I motion behind me. “Whatever. We have to go and meet up with Dante and Jake. Mads, come on, hon.”
She holds up a pair of earrings. “Can I get these?”
“Yeah. Your aunts said you can get whatever you want as your Christmas present.”
Maddie hops up and down excitedly. “Really?”
They roll with it. “Yeah, of course!”
Clara pulls out her wallet, like she’s going to blow on dice. “Earn those airline points.

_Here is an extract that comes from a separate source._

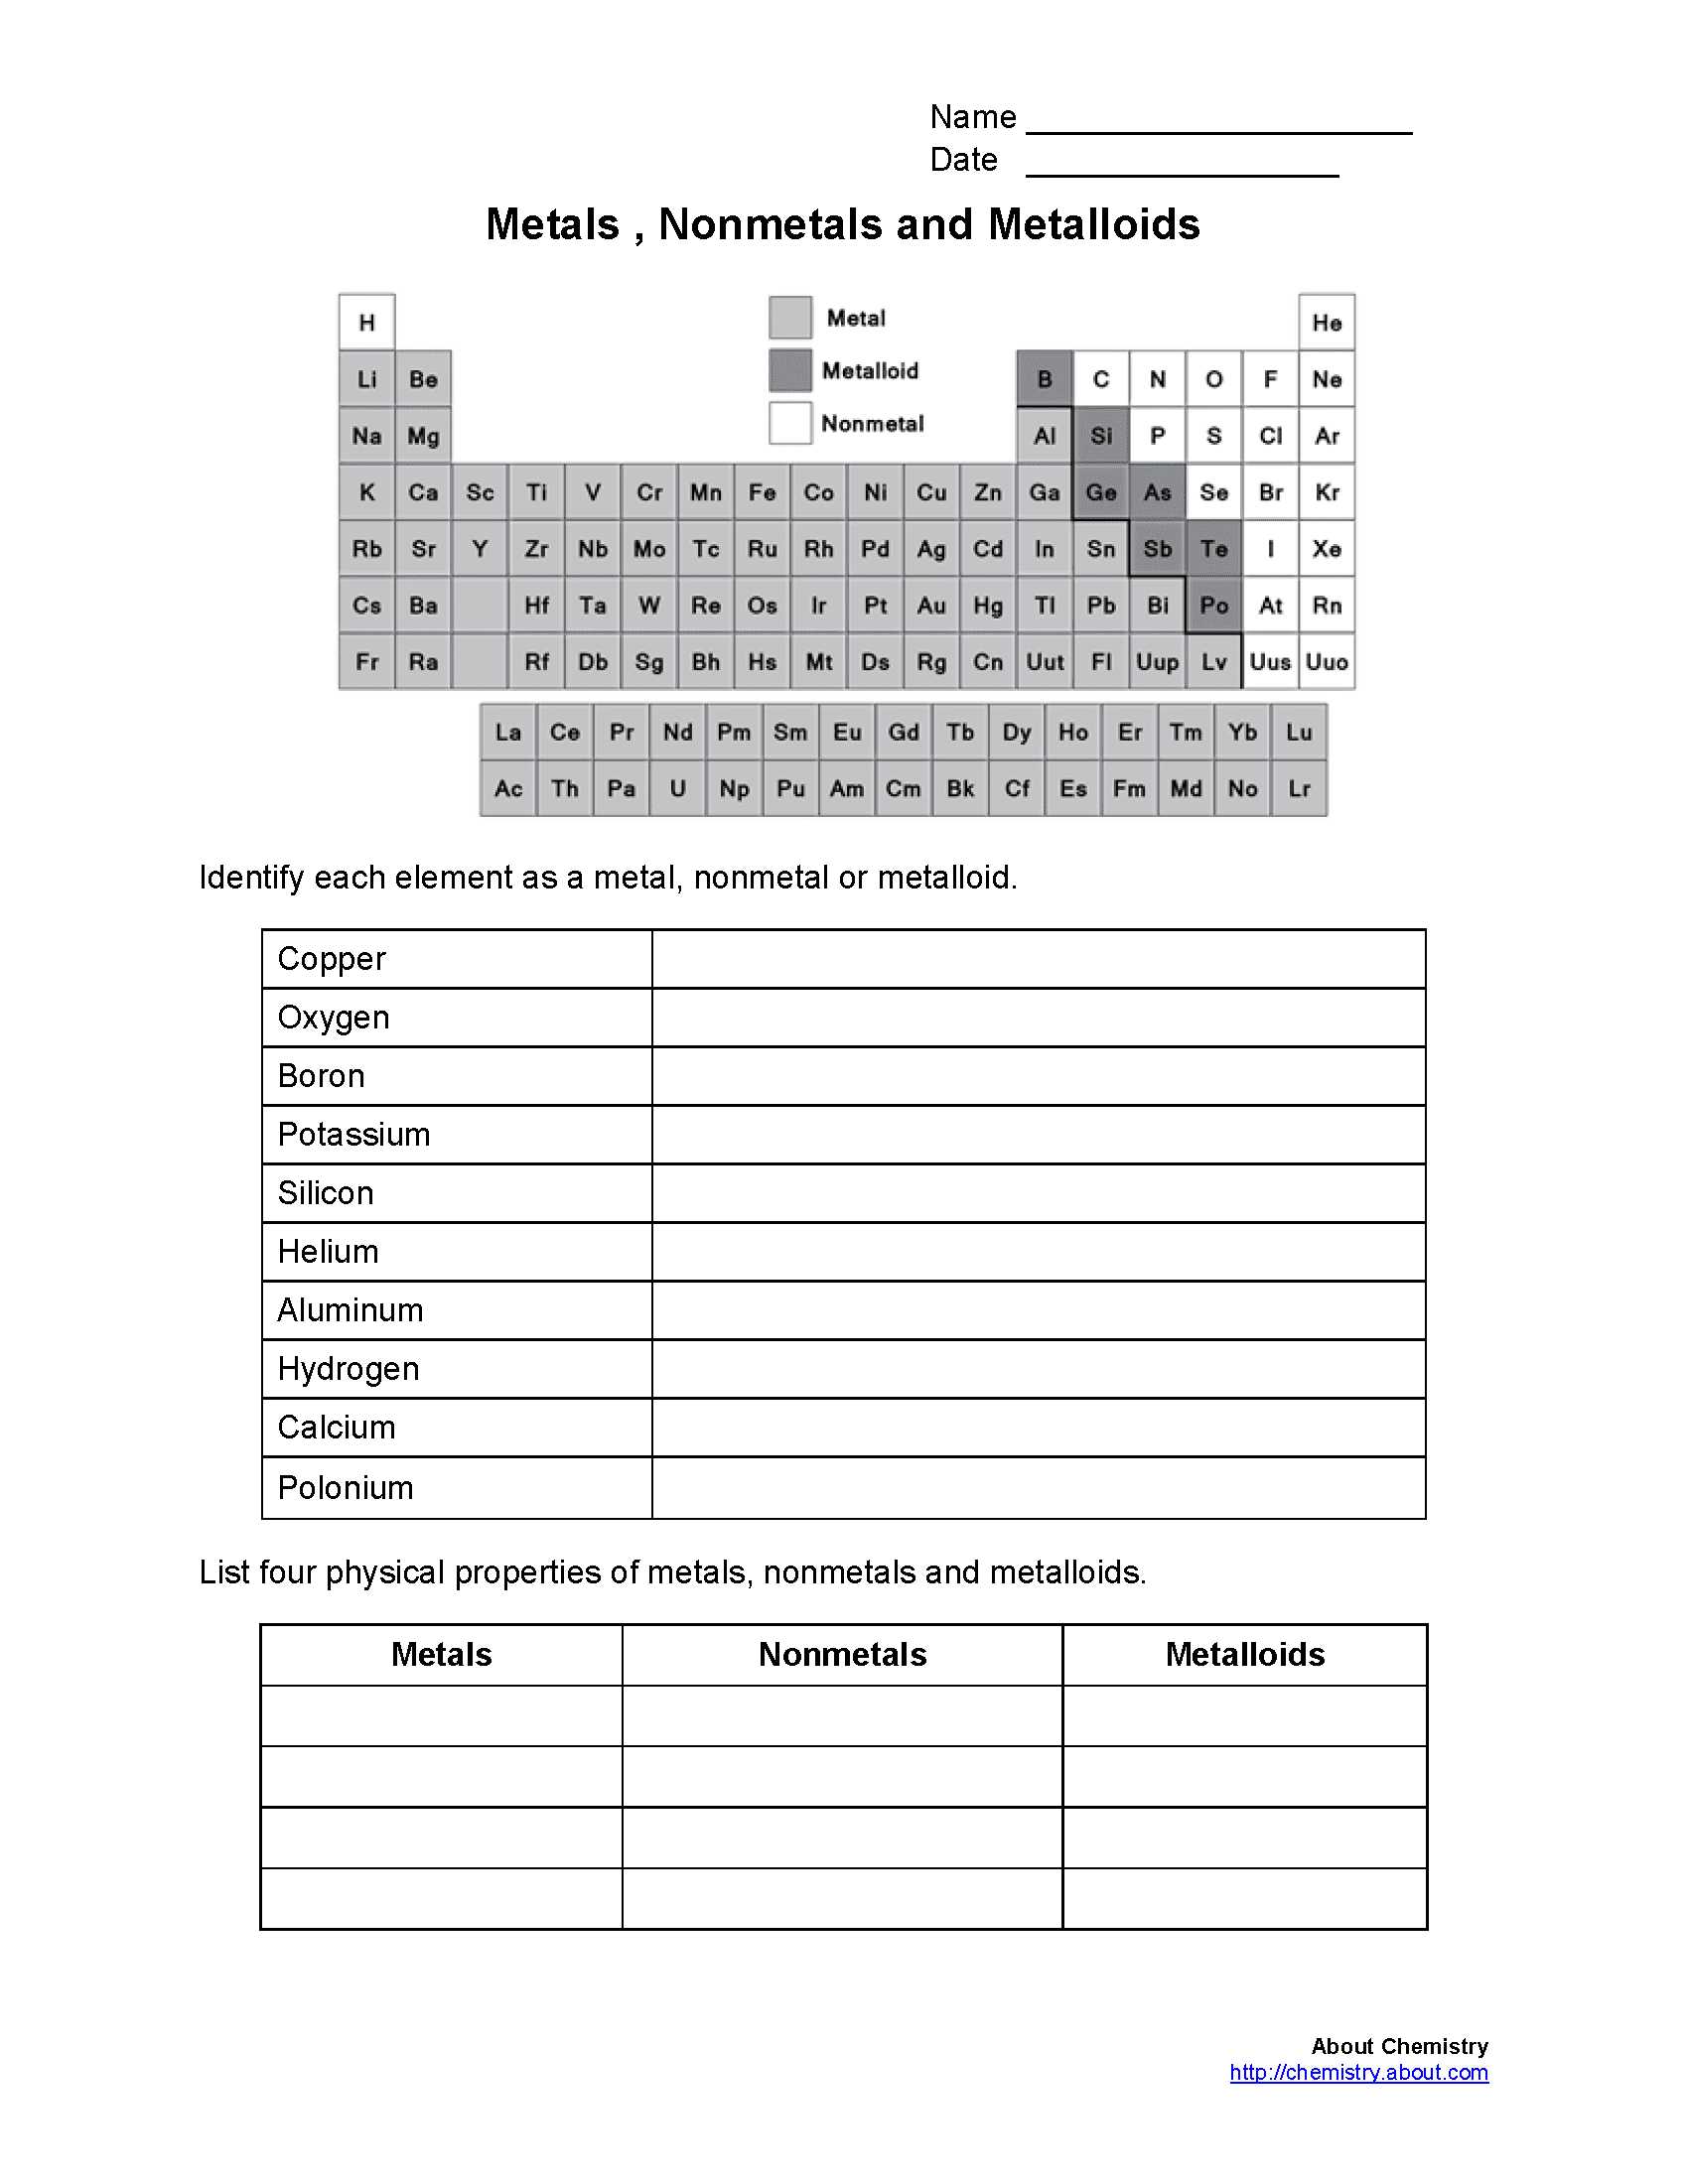 Weather and Climate Worksheets Pdf together with Metals Nonmetals Metalloids Worksheet

Mama wants a trip to Aruba next year!”
Marianne is practically a sister to me, her parents letting me sleep over so many nights, they bought me all my own toiletries.
Her father, Larry, became a stand-in dad, helping me with homework and cheering me on at soccer games.
Her mother, Vanessa, held my hand at my own mother’s funeral and brought me food and groceries after both of my kids were born, then slipped me a business card for a divorce lawyer when the time came.
Without the Wilkensons, I don’t know how I would have survived.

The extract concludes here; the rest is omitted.